Довольно о Юлилле и ее махинациях. Есть более важные вещи. Я могу оказаться первым, кто сообщит эти новости в Африканскую провинцию, поскольку мне твердо обещали, что это письмо завтра утром будет отправлено быстрой почтой из Путеол. Марк Юний Силан был наголову разгромлен германцами. Убиты более тридцати тысяч человек, остальные настолько деморализованы и дезорганизованы, что разбрелись во все стороны. Силана это не слишком беспокоит. Точнее было бы сказать, что собственная жизнь ему значительно дороже жизни его солдат. Он сам принес новость в Рим, но в такой сглаженной версии, что избежал общественного негодования. Когда же известно стало решительно все, до конца, шок оказался уже не таким сильным. Конечно, его цель — избежать обвинения в измене. Думаю, он преуспеет в этом. Если бы Комиссии Мамилия поручили судить его, обвинение было бы возможно. Но суд в присутствии всего центуриата, со всеми этими устаревшими правилами и окостеневшими положениями, при таком количестве присяжных? Не стоит даже начинать — так чувствуют многие из нас.
Я слышу твой вопрос: «А как же германцы? Они что, все продолжают двигаться к побережью Внутреннего моря? Жители Массилии в панике собирают вещи?» Нет. Ты не поверишь! Уничтожив армию Силана, они быстро развернулись и устремились на север. Как можно иметь дело с таким загадочным, таким непредсказуемым врагом? Я скажу тебе, Гай Марий: нам страшно. Ибо они вернутся. Рано или поздно, но вернутся. А у нас даже нет стоящего командующего, чтобы противостоять им. Все вроде Марка Юния Силана. Как повелось в наши дни, больше всего погибло италийских союзников, хотя и римских солдат пало много. А Сенат вынужден разбираться с настоящим потоком жалоб от марсиев, самнитов и целого ряда других италийских народов.
Чтобы закончить на более оптимистичной ноте, скажу, что сейчас у нас идет шумная борьба с нашим уважаемым цензором Марком Эмилием Скавром. Другой цензор, Марк Ливий Друз, скоропостижно скончался три недели назад, что автоматически привело к окончанию срока полномочий Скавра. Сразу же после похорон Сенат вызвал Скавра и предложил ему сложить с себя полномочия цензора, чтобы срок полномочий можно было официально закрыть согласно принятой церемонии. Но Скавр решительно отказался. (Отсюда — весь шум.)
«Я был выбран цензором не просто так! Как раз сейчас я занимаюсь заключением подрядов на выполнение моих строительных программ.
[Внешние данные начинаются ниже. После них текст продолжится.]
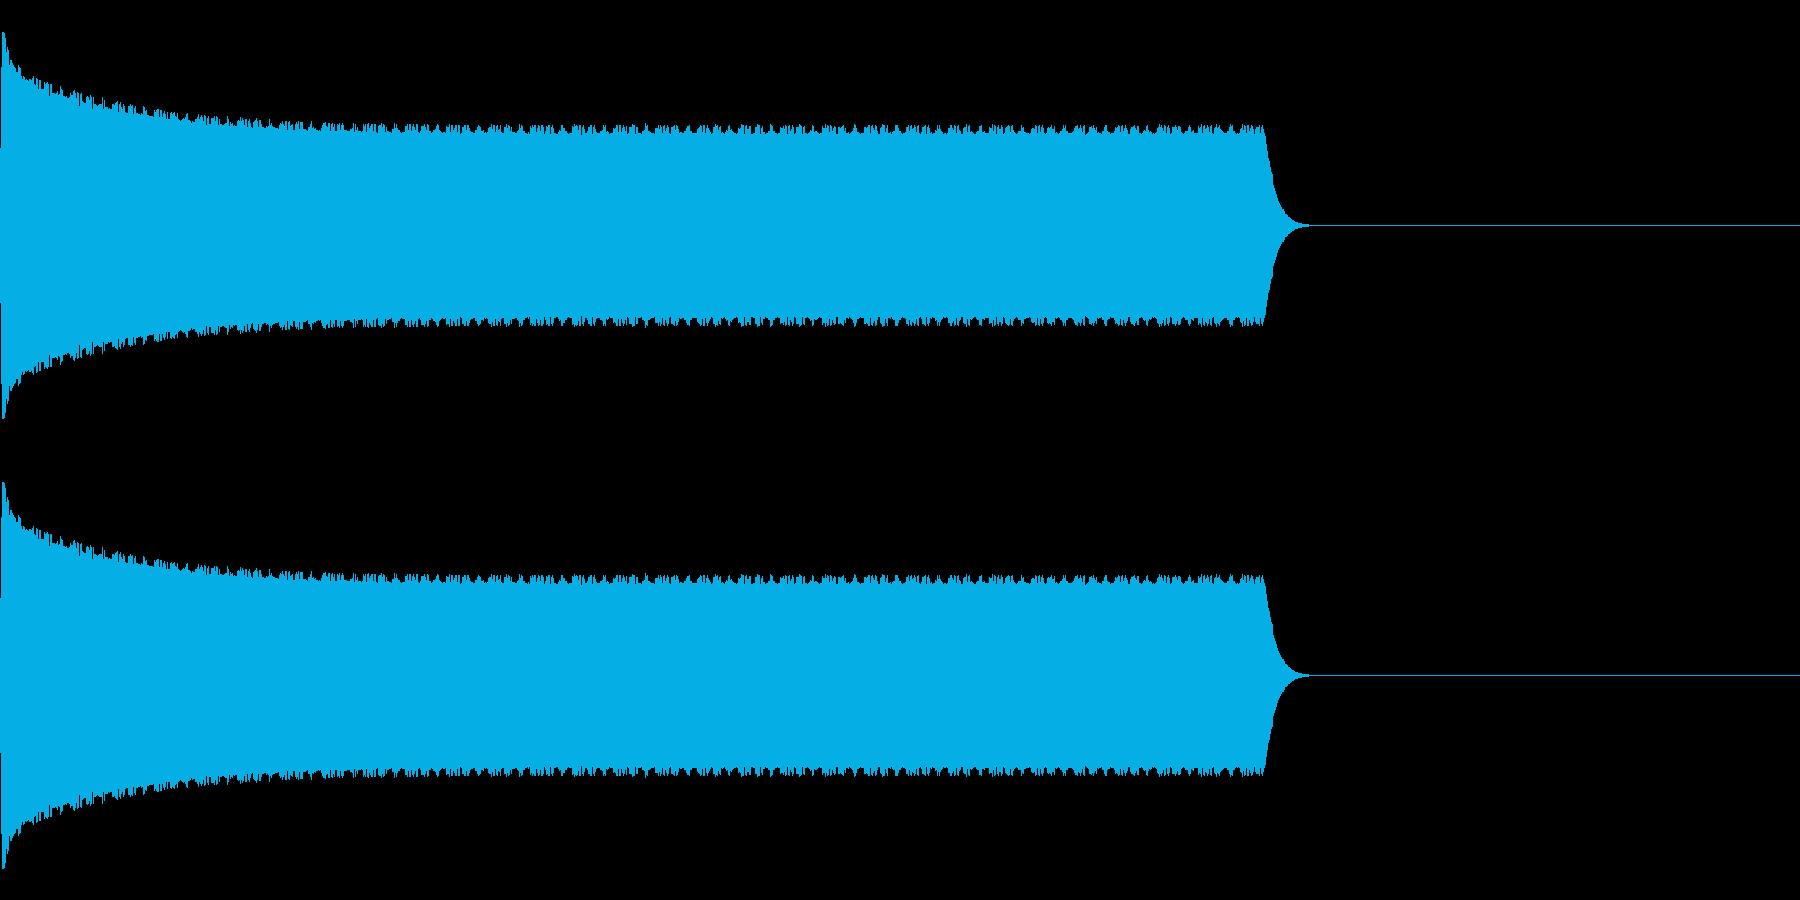 ピピピピピピ…防犯アラームの音の再生済みの波形

Я не могу прекратить работу на данном этапе», — заявил он.
«Марк Эмилий, Марк Эмилий, не тебе это решать! — сказал Метелл Далматик, Великий Понтифик. — Закон гласит, что, когда один из цензоров умирает во время пребывания в этой должности, срок полномочий заканчивается и другой цензор дол жен немедленно выйти в отставку».
«А мне наплевать, что гласит закон! — ответил Скавр. — Я не могу снять с себя полномочия немедленно — и не буду этого делать».
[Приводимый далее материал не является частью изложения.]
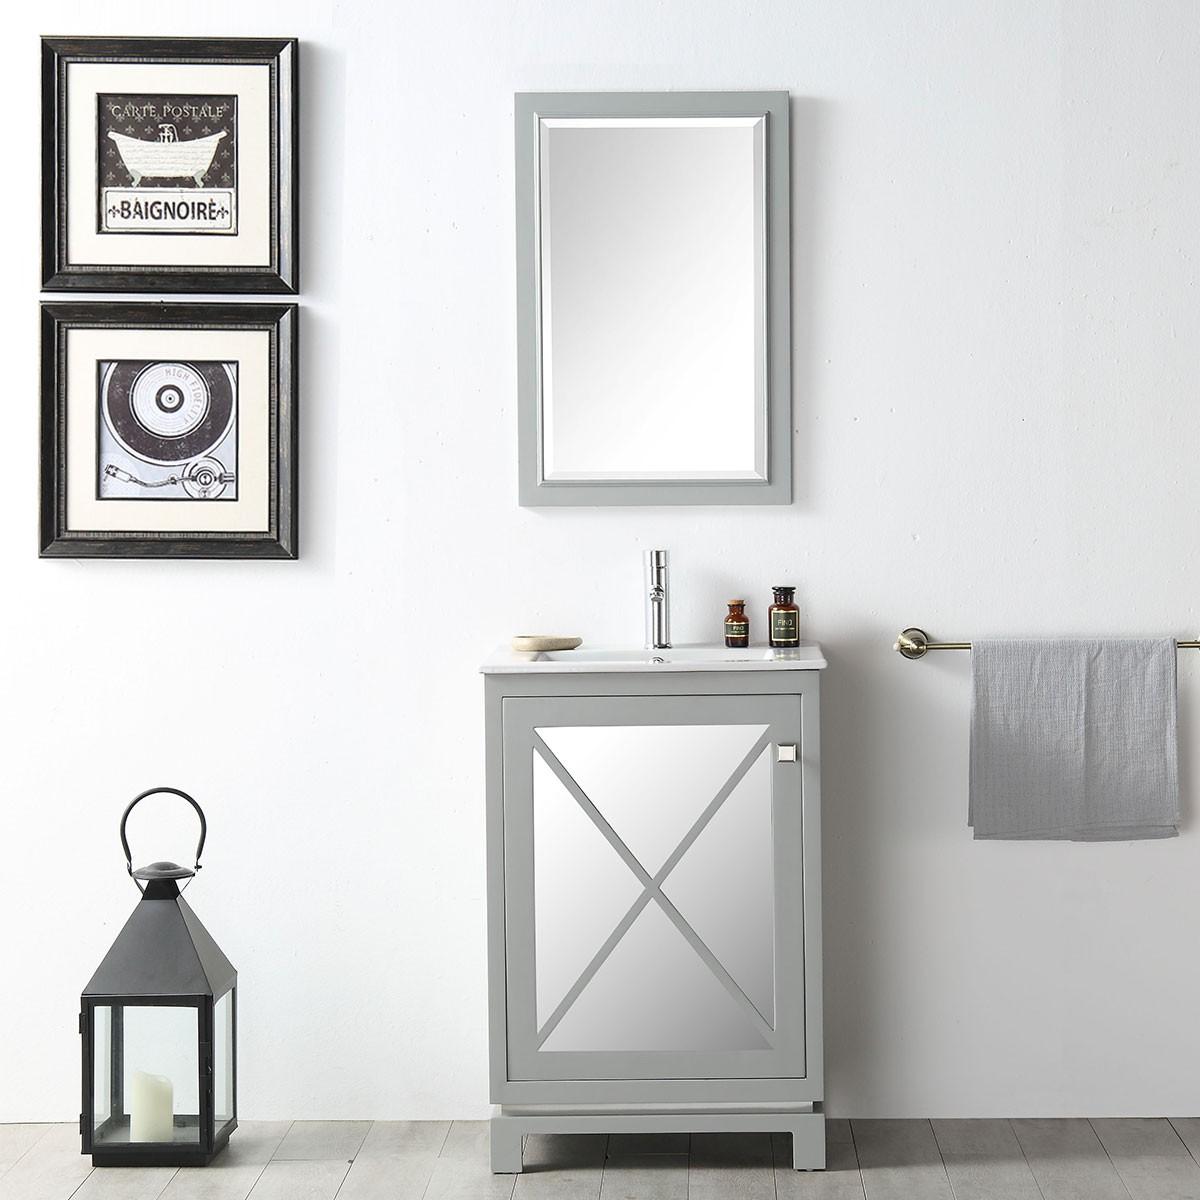 24 In. Freestanding Bathroom Vanity Set (DK-N524-CG-SET)

Они просили, умоляли, кричали, спорили — все напрасно. Скавр вознамерился создать прецедент ротации с остающимся цензором. Они пытались уговорить его, и продолжалось это до тех пор, пока Скавр не потерял терпения.
«Да насрать мне на вас всех!» — крикнул он и вышел, схватив свои подряды и планы.
Великий Понтифик еще раз созвал Сенат и заставил его принять официальное постановление, призывающее Скавра к немедленной отставке. Несколько сенаторов пошли на Марсово поле и там нашли Скавра сидящим на подиуме храма Юпитера Статора. Это здание он выбрал для своей конторы, потому что оно находится рядом с портиком Метеллов, где снимают помещение большинство строителей- подрядчиков.
Теперь, как ты знаешь, я не сторонник Скавра. Он ловок, как Улисс, и отъявленный лгун, как Парис. Но как бы я хотел, что бы ты поглядел, какой фарш он из них сделал! И кто! Безобразный, лысый, худущий недоросток — Скавр! Марсия говорит, что во всем виноваты его красивые зеленые глаза, еще более красивая речь и его неподражаемое чувство юмора. Да, я признаю его своеобразное чувство юмора, но что-то не могу разглядеть красот его зрительного и голосового аппарата. Марсия называет меня «типичным мужиком», хотя я не понимаю, что она хочет этим сказать. Женщины прибегают к таким репликам, когда все прочие аргументы начинают хромать. Но ведь должна же быть какая-то скрытая логика его успеха? И — кто знает? — может быть, Марсия и имеет право так говорить.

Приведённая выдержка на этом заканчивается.